14 April

The Three Stooges. Who Is The Stranger In My Bed?

by Jon Katz
Laughing with the Stooges

In our humorless and anxious culture, slapstick is sorely missed, at least for me. iI’ve always loved slapstick, from W.C. Fields to Jerry Lewis to Bugs Bunny to the Marks Brothers and even the Three Stooges, an admittedly low end and sophomoric form of the genre. I almost had to be hospitalized when Fields kicked Baby Leroy across the room in “Never Give A Sucker An Even Break,” I was laughing so hard, or when O.J. Simpson (yes, O.J.) was pushed off the stadium upper deck in “Naked Gun.” Slapstick reminds us not to take life too seriously, as we do in our warning-obsessed, regulated, lawsuit obsessed, argumentative and politically correct culture.

I try to laugh all of the time, at myself and others, in my writing and photos,  amidst all of the warnings and regulations. There isn’t enough of it.  It’s too bad because we all need to laugh, it is important, like love, and slapstick made us laugh,  almost always targeting authority figures, from priests and  rabbis to bossy spouses to nasty bosses to officious cops.

Slapstick was made for people with authority problems, people like me.

So when I learned the Farrelly Brothers had taken on The Three Stooges, and this movie was to be released this weekend,  I was excited. I wasn’t sure Maria would want to go. My former girlfriend has a great sense of humor, but doesn’t laugh out loud much. Her humor is quiet, as she is, and she is sophisticated, artistic, unlike the man she married. She expressed a strong interest in going, to my surprise, but I was pretty sure she wouldn’t like the crude antics of these former Vaudevillians, with all of their slapping, poking, and hair-pulling. “Are you sure you want to go?” I asked, and she said sure.

I have to admit I did not know the person I sat next to in this theater. From the moment the first (not the last) nun got hit on the head with a church bell, the soft-spoken artist I married was howling. Howling. I could barely hear the movie over her guffaws, thigh-slapping and belly laughs.  She had trouble getting her pretzel into her mouth, drowning out the teenagers behind us. She claims I laughed even louder than she did, but I can’t imagine how this could be possible. We both loved the movie, and it was great to be reminded that in the age of cable news, fearful lawyers, doomsday doctors, angry people online,  pompous politicians, and angry commentators, it is precious to laugh. There is no left and right in slapstick, anything is a target.

When Mo and Curly pulled the armpit hair out of a stuffy monsignor, and Mo dropped a lobster in Curly’s crotch I thought Maria would need assistance. She claims I have a screechy, high-pitched kind of squeak when I laugh. She had never heard that before, she said. Who is this stranger in my bed, I wondered? I turned to her, and I said, “nice to meet you. Who are you?” We resolved to laugh more. I guess we just keep evolving, knowing one another.  And we also resolved to get on Netflix and order some W.C. Fields and Marx Brothers movies.

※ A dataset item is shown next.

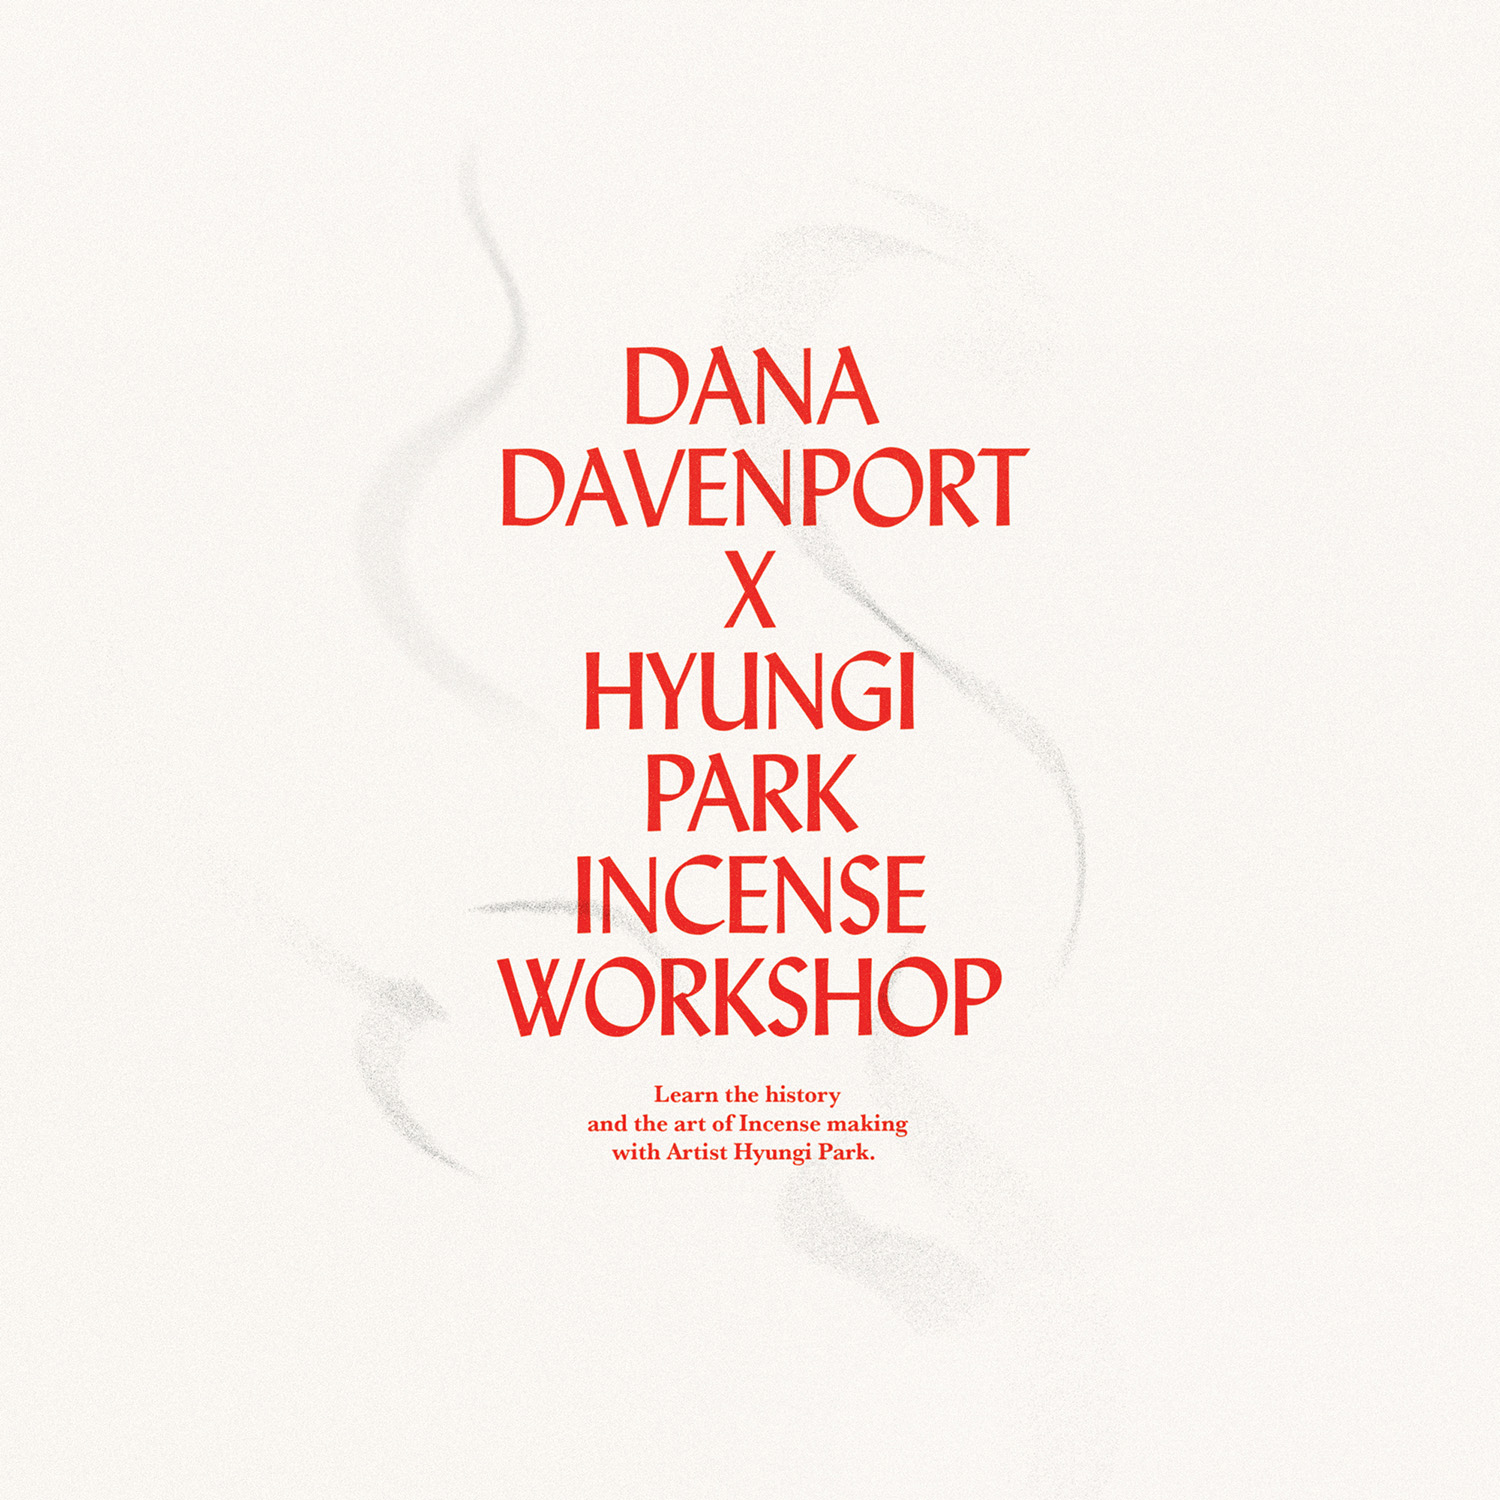 A poster to Dana Davenport x Hyungi Park Incense Workshop at the LINE LA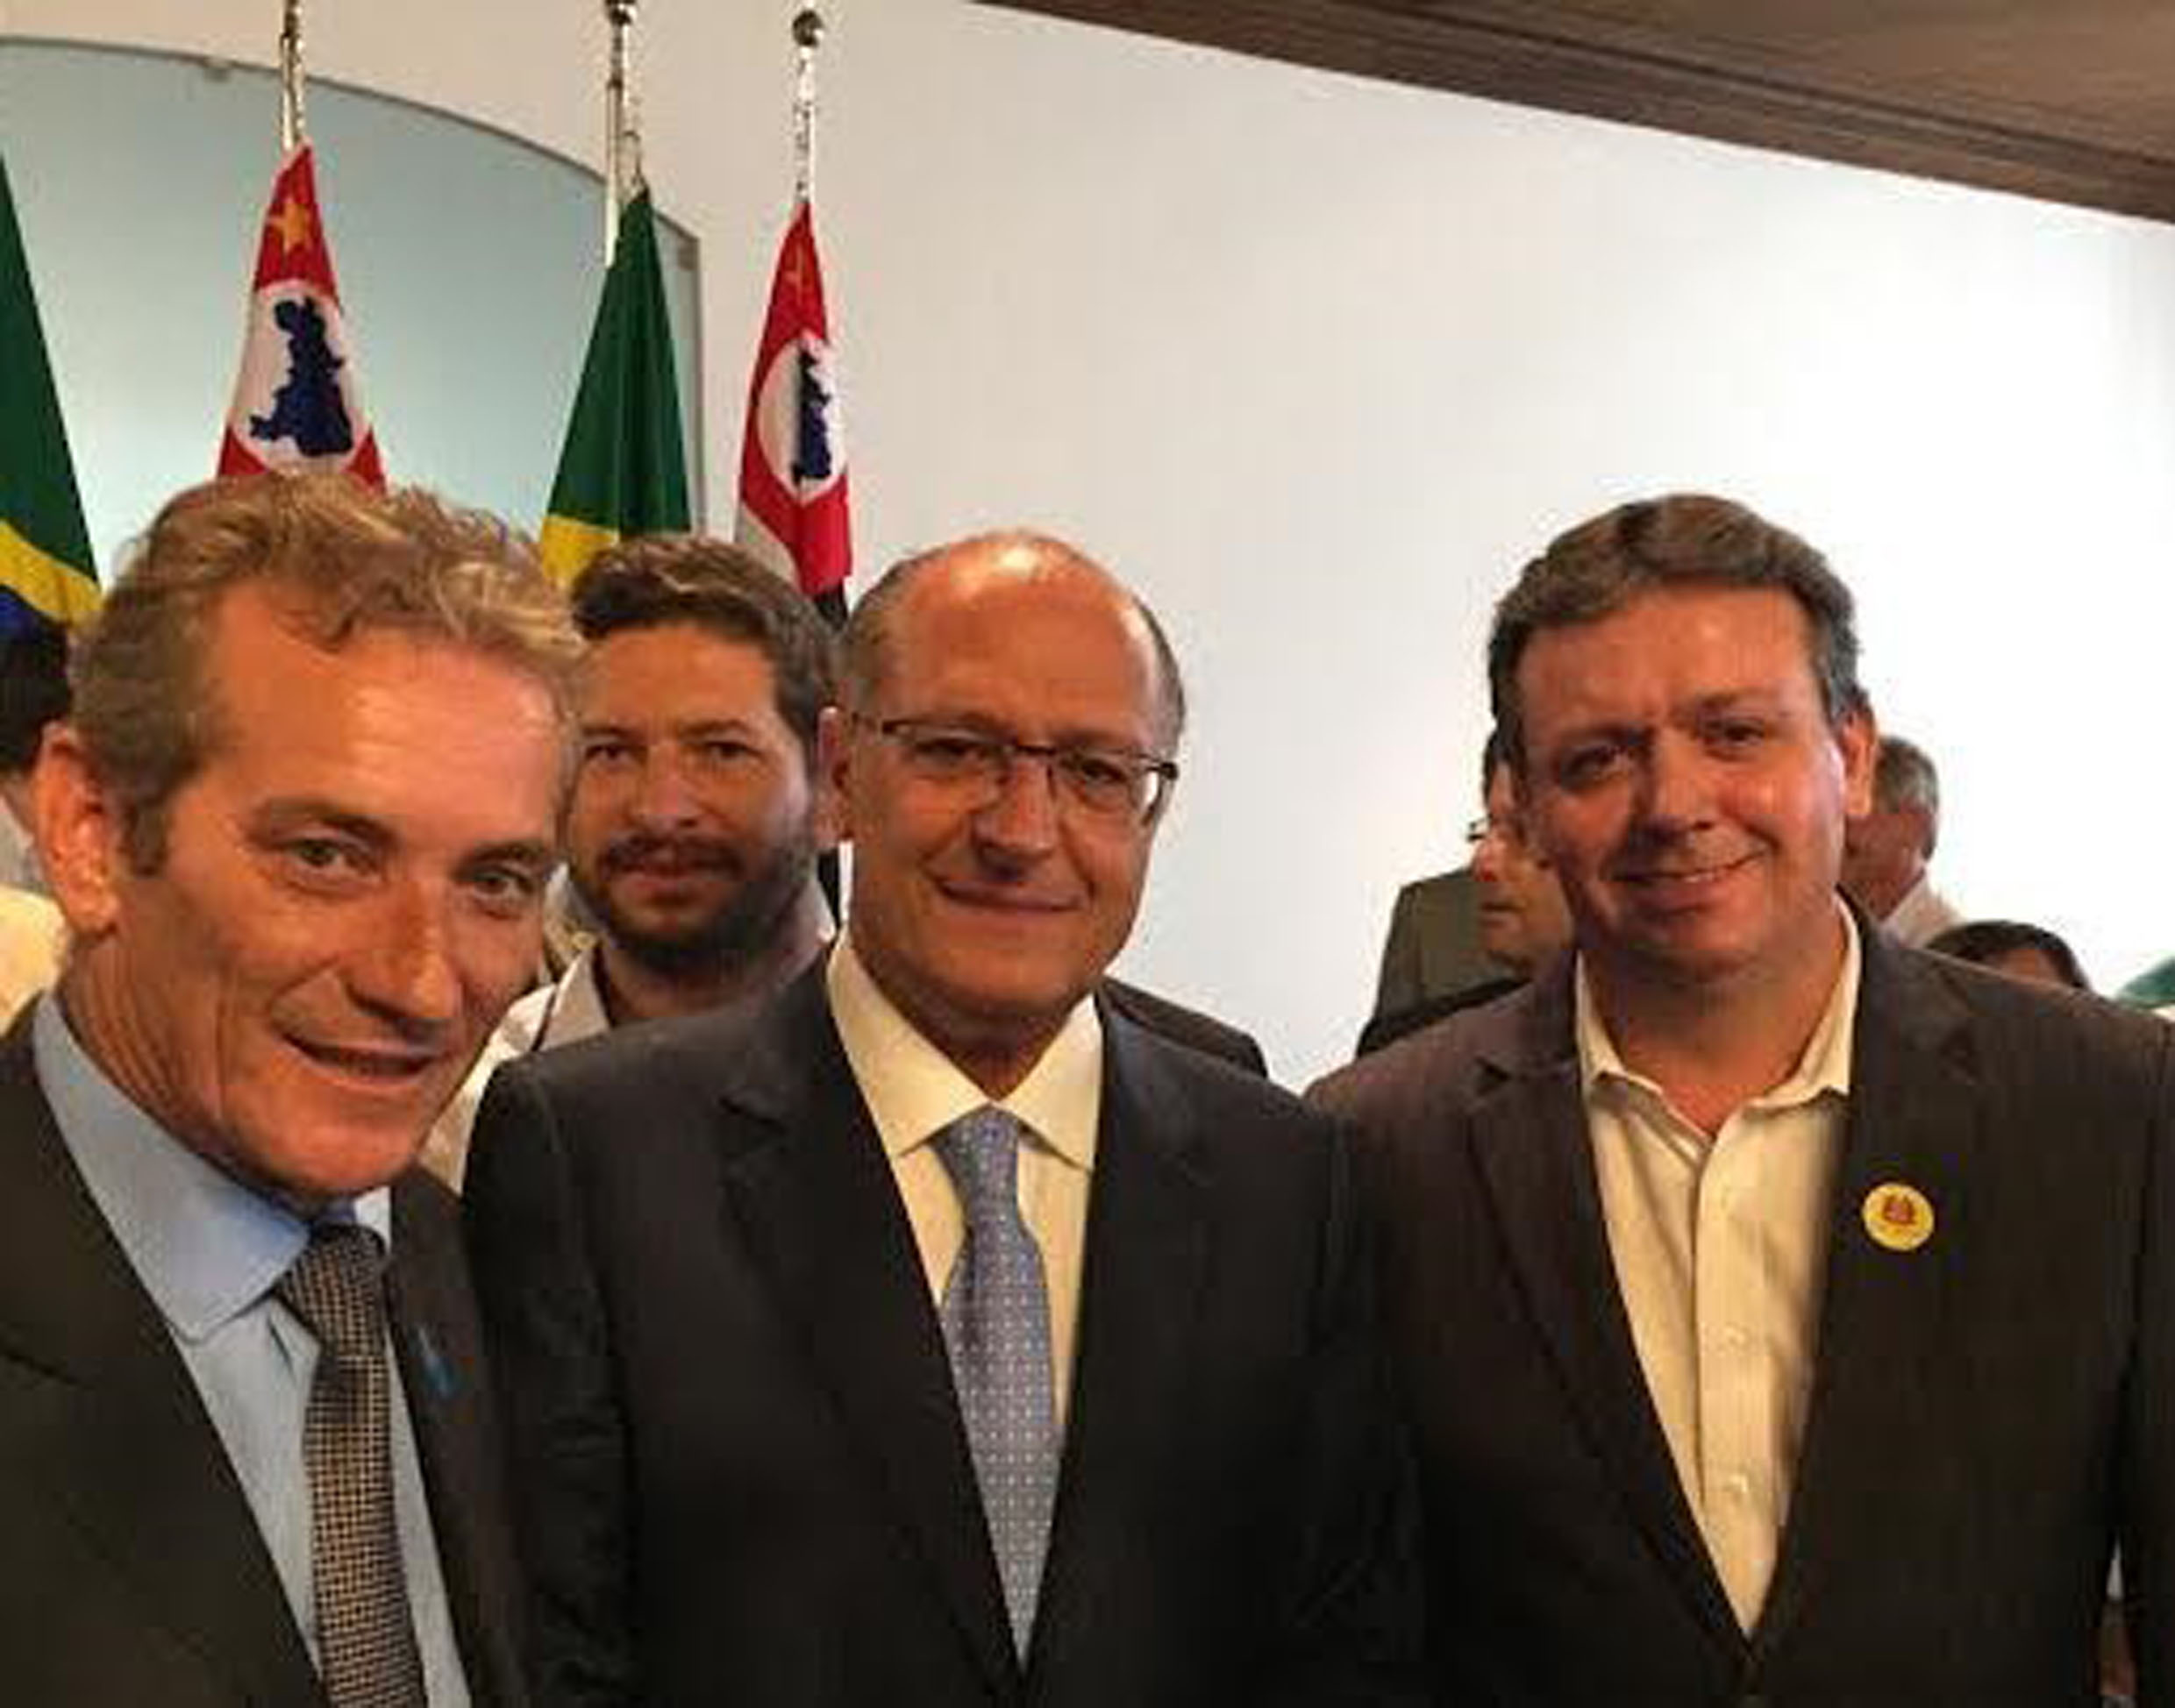 Ed Thomas, Alckmin e Duran<a style='float:right;color:#ccc' href='https://www3.al.sp.gov.br/repositorio/noticia/N-03-2016/fg186427.jpg' target=_blank><i class='bi bi-zoom-in'></i> Clique para ver a imagem </a>

At the end of the movie, we are brought back to life by an appearance by the Farrelly brothers, striking a more contemporary mode with a lawyer-inspired warning to children not to poke one another in the eye or hit each other on the head with a hammer. The commentary broke the spell, for sure, and stopped the laughing cold. It was very American. As a kid, I saw every slapstick movie there was, and none of them needed to caution me that the slapping wasn’t real or that I should not throw nuns into a swimming pool.